Epstein-Barr virus (EBV) infection has been associated with the development of several types of human malignancy. The horizontal transmission of EBV from host to host requires activation of the lytic origin of replication, oriLyt. Lytic EBV replication requires six vira1ly encoded replication proteins (BALF5, BMRF1, BALF2, BBLF4, BSLF1, and BBLF2/3). In addition, the immediate-early transactivator protein, BZLF1, is essential for oriLyt replication, even when the other viral replication proteins are expressed by a constitutively active promoter. Although the functional equivalent of the herpes simplex virus origin binding protein, UL9, has not been definitively identified for EBV, only two small regions in the EBV oriLyt (the "upstream" and "downstream" essential domains) are absolutely required for replication. Binding of BZLF1 to the upstream essential domain is necessary for oriLyt replication. We have recently discovered that the downstream essential domain is transcriptionally activated by the BMRF1 protein (the viral polymerase processivity factor), and shown that small mutations in oriLyt which abolish BMRF1-induced transactivation also abolish oriLyt replication. Thus, the BMRF1 protein appears to have two separate roles in oriLyt replication, serving both as the polymerase processivity factor, and a transcriptional activator. In this grant, we propose to study the regulation of oriLyt by the viral proteins, BMRF1 and BZLF1. Our specific aims are to l) define the mechanism by which BMRF1 transcriptionally activates oriLyt, 2) determine if the transcriptional activator function of BMRF1 (apart from its polymerase processivity function) is required for oriLyt replication, 3) examine the effects of BZLF1 and BMRF1 on oriLyt structure using electron microscopy, and 4) determine if EBV (like other herpesviruses) disrupts PML-associated nuclear bodies during lytic infection, and if so, whether this effect is required for oriLyt replication. We hypothesize that transcriptional activation of oriLyt by BMRF1 is required for lytic EBV replication, and that BZLF1 and/or BMRF1 serves as the functional origin- binding protein of oriLyt.
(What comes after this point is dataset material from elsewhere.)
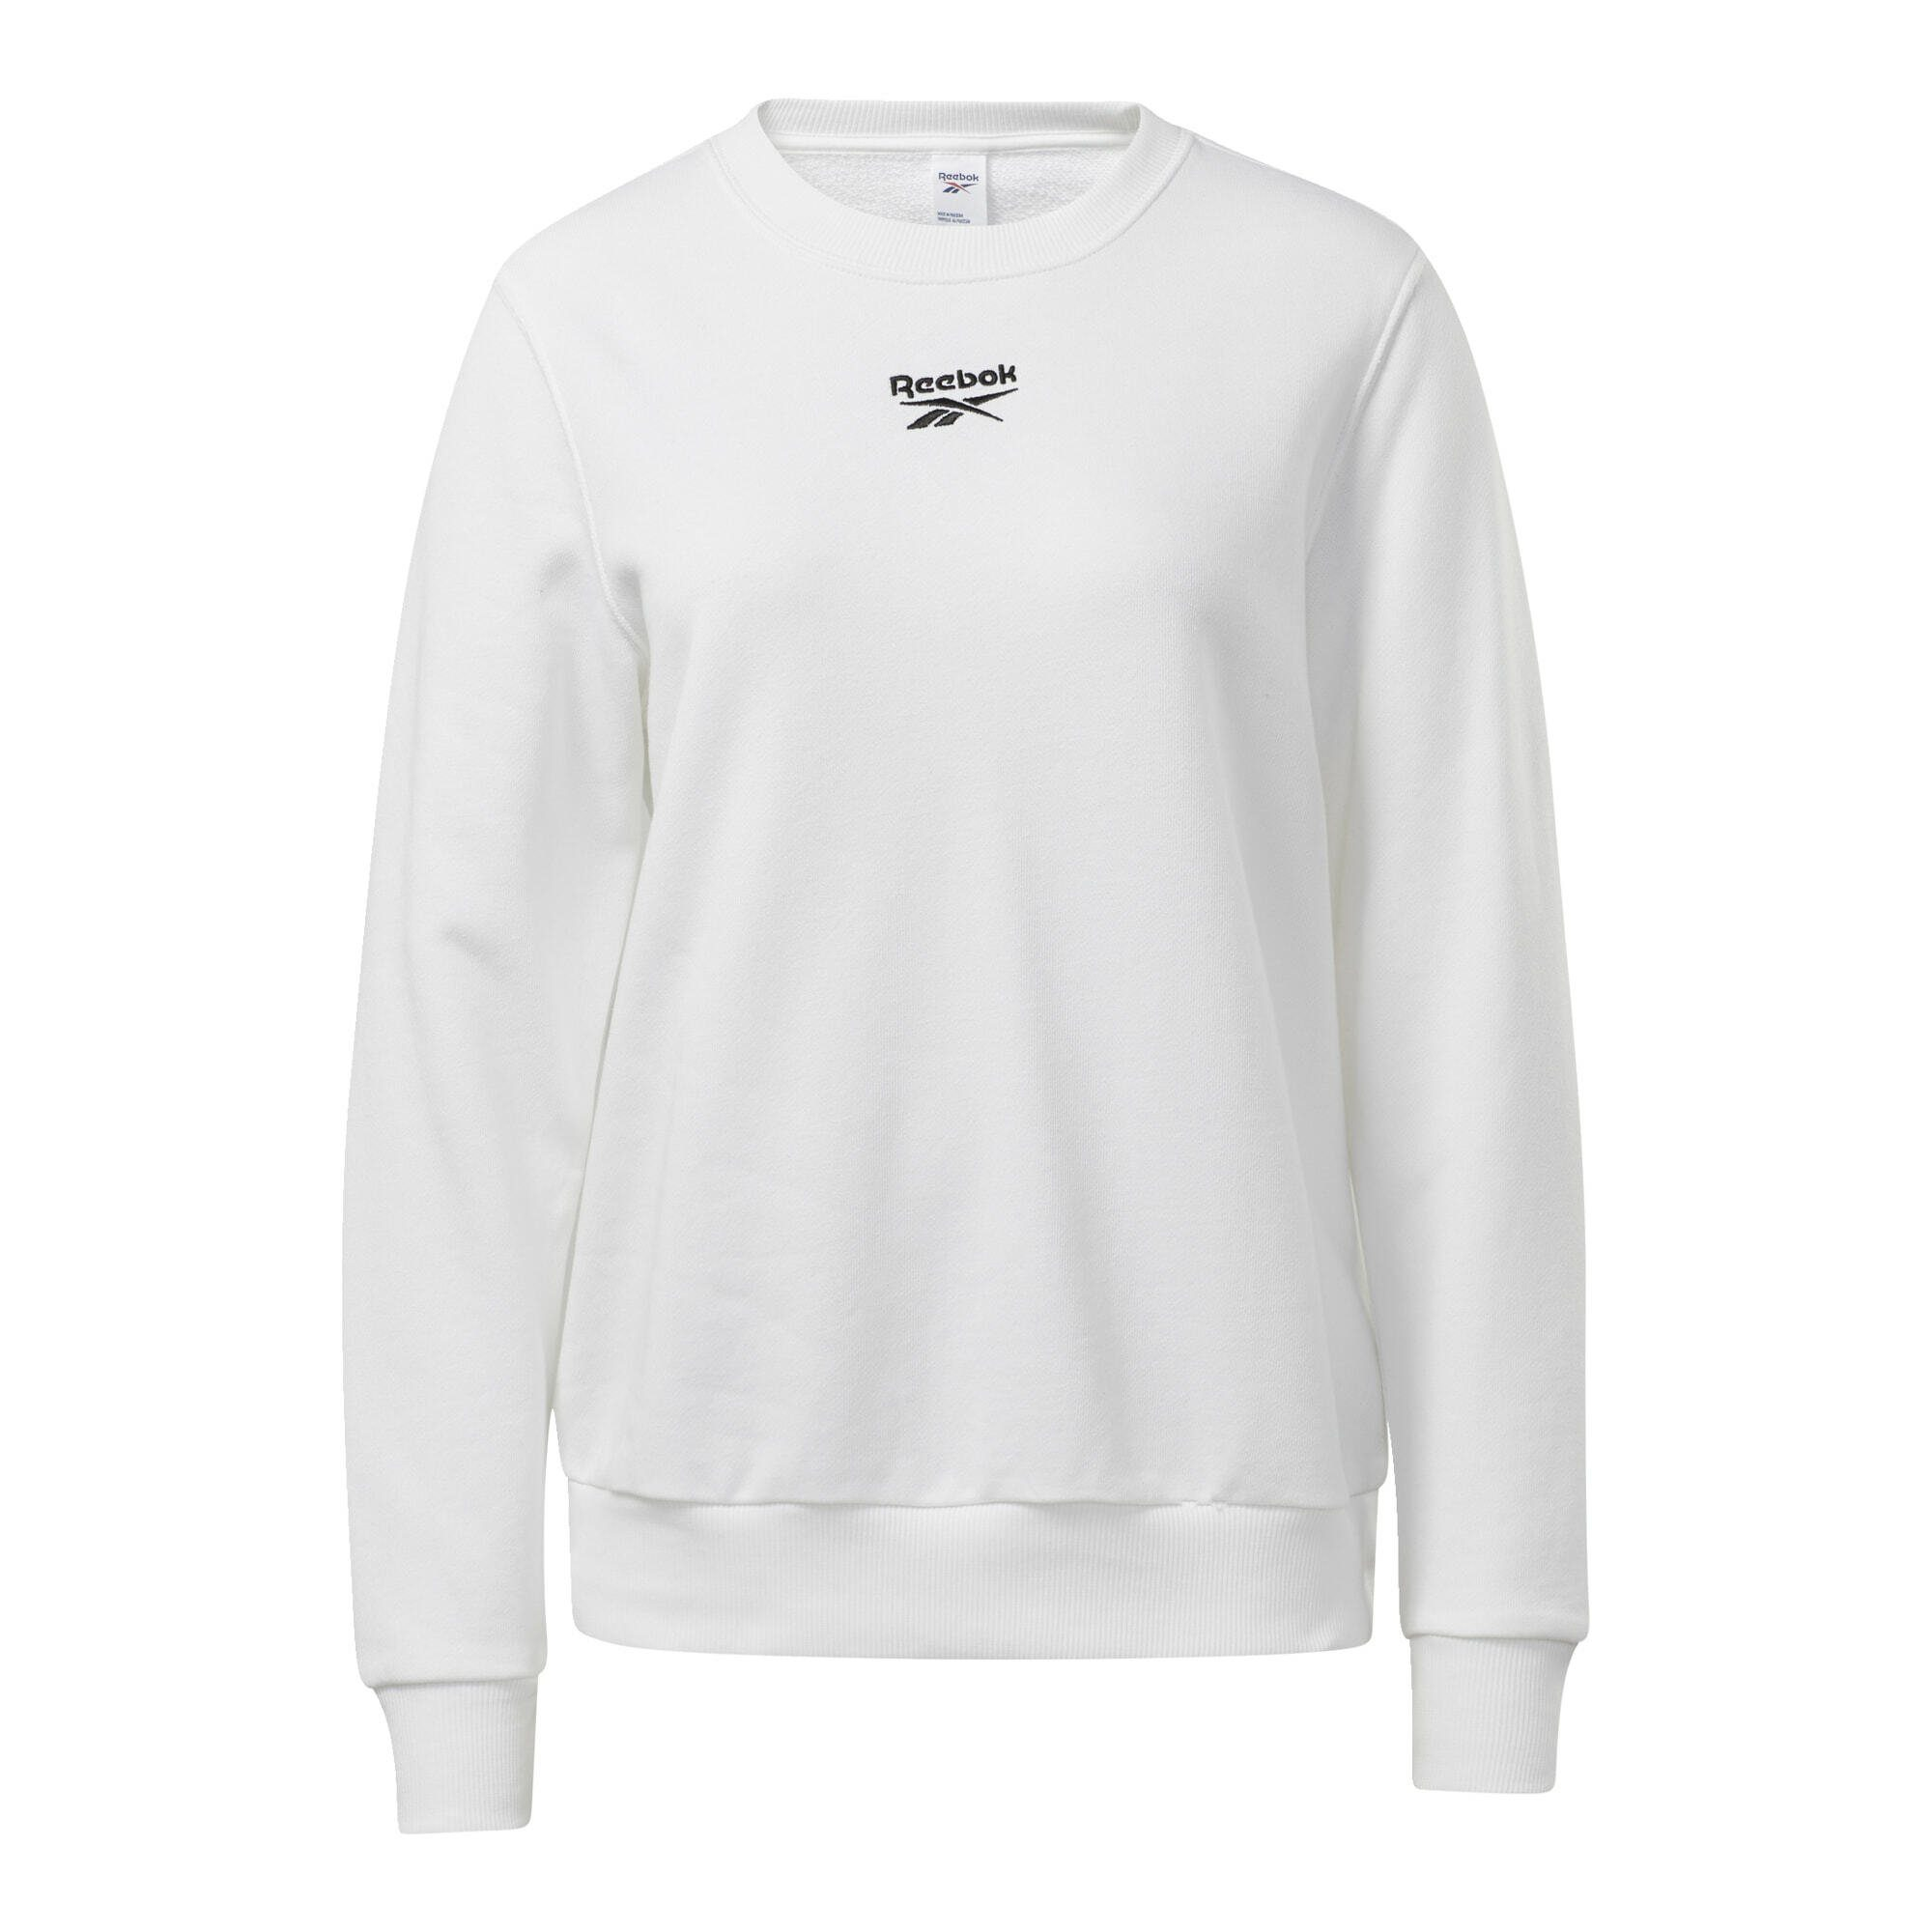 Details about Reebok Classics Vector Crew Sweatshirt Womens Size Large
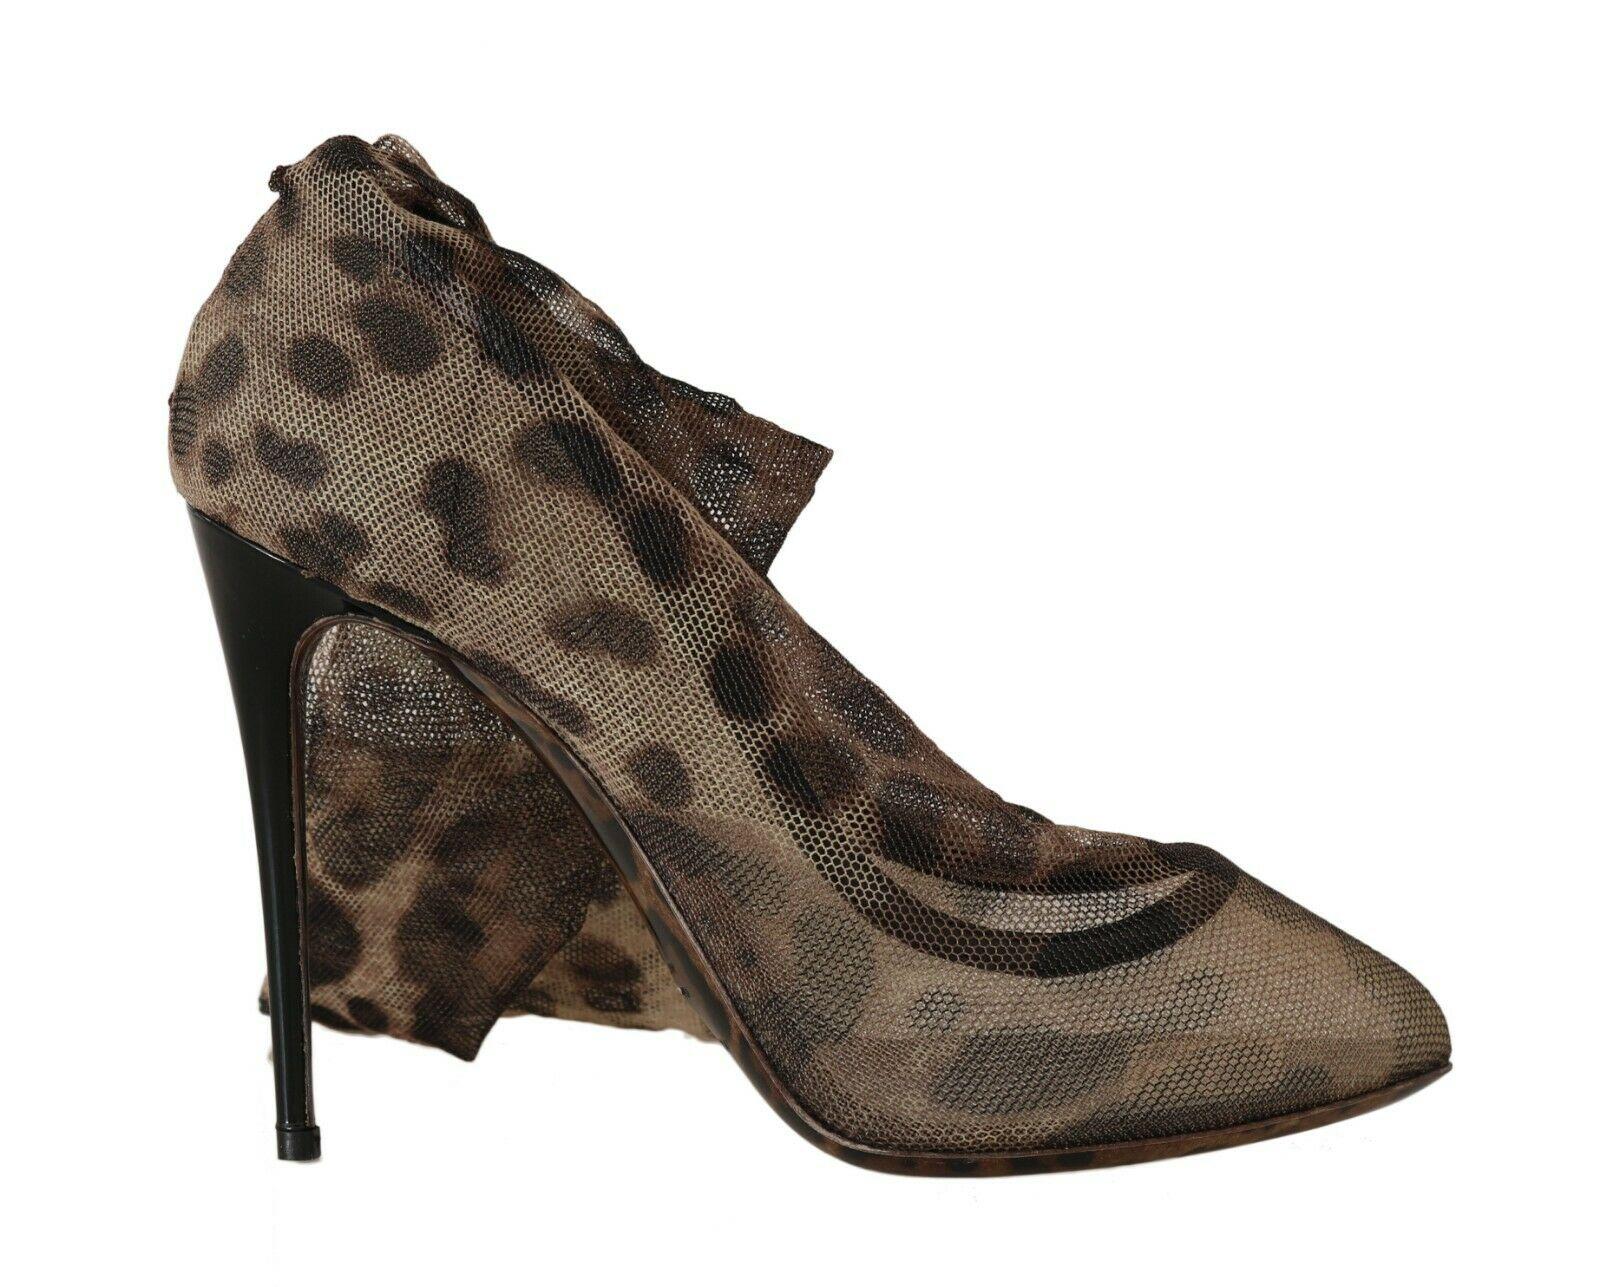 Dolce & Gabbana Women's Leopard Tulle Long Socks Pumps Shoes Brown LA6133 - EU38/US7.5

EB病毒（EBV）感染与几种类型的人类恶性肿瘤的发展有关。EBV从宿主到宿主的水平传播需要激活裂解性复制起点oriLyt。裂解性EBV复制需要六种病毒编码的复制蛋白（BALF 5、BMRF 1、BALF 2、BBLF 4、BSLF 1和BBLF 2/3）。此外，即时早期反式激活蛋白BZLF 1是oriLyt复制所必需的，即使其他病毒复制蛋白由组成型活性启动子表达。虽然单纯疱疹病毒起源结合蛋白UL 9的功能等价物尚未被确定用于EBV，但EBV oriLyt中只有两个小区域（“上游”和“下游”必需结构域）是复制绝对需要的。BZLF 1与上游必需结构域的结合是oriLyt复制所必需的。我们最近发现，下游的基本结构域是转录激活的BMRF 1蛋白（病毒聚合酶合成因子），并表明，小的突变oriLyt废除BMRF 1诱导的反式激活也废除oriLyt复制。因此，BMRF 1蛋白似乎在oriLyt复制中具有两个独立的作用，既作为聚合酶持续合成因子，又作为转录激活因子。在这项研究中，我们计划研究病毒蛋白BMRF 1和BZLF 1对oriLyt的调控。我们的具体目标是：1）确定BMRF 1转录激活oriLyt的机制，2）确定BMRF 1的转录激活因子功能是否与oriLyt的转录激活因子功能有关。（除了它的聚合酶持续合成功能之外）是oriLyt复制所需的，3）使用电子显微镜检查BZLF 1和BMRF 1对oriLyt结构的影响，和4）确定EBV（像其它疱疹病毒一样）是否在裂解感染期间破坏PML相关的核体，如果是，这种作用是否是oriLyt复制所需的。我们假设BMRF 1对oriLyt的转录激活是裂解性EBV复制所需的，并且BZLF 1和/或BMRF 1充当oriLyt的功能性起始结合蛋白。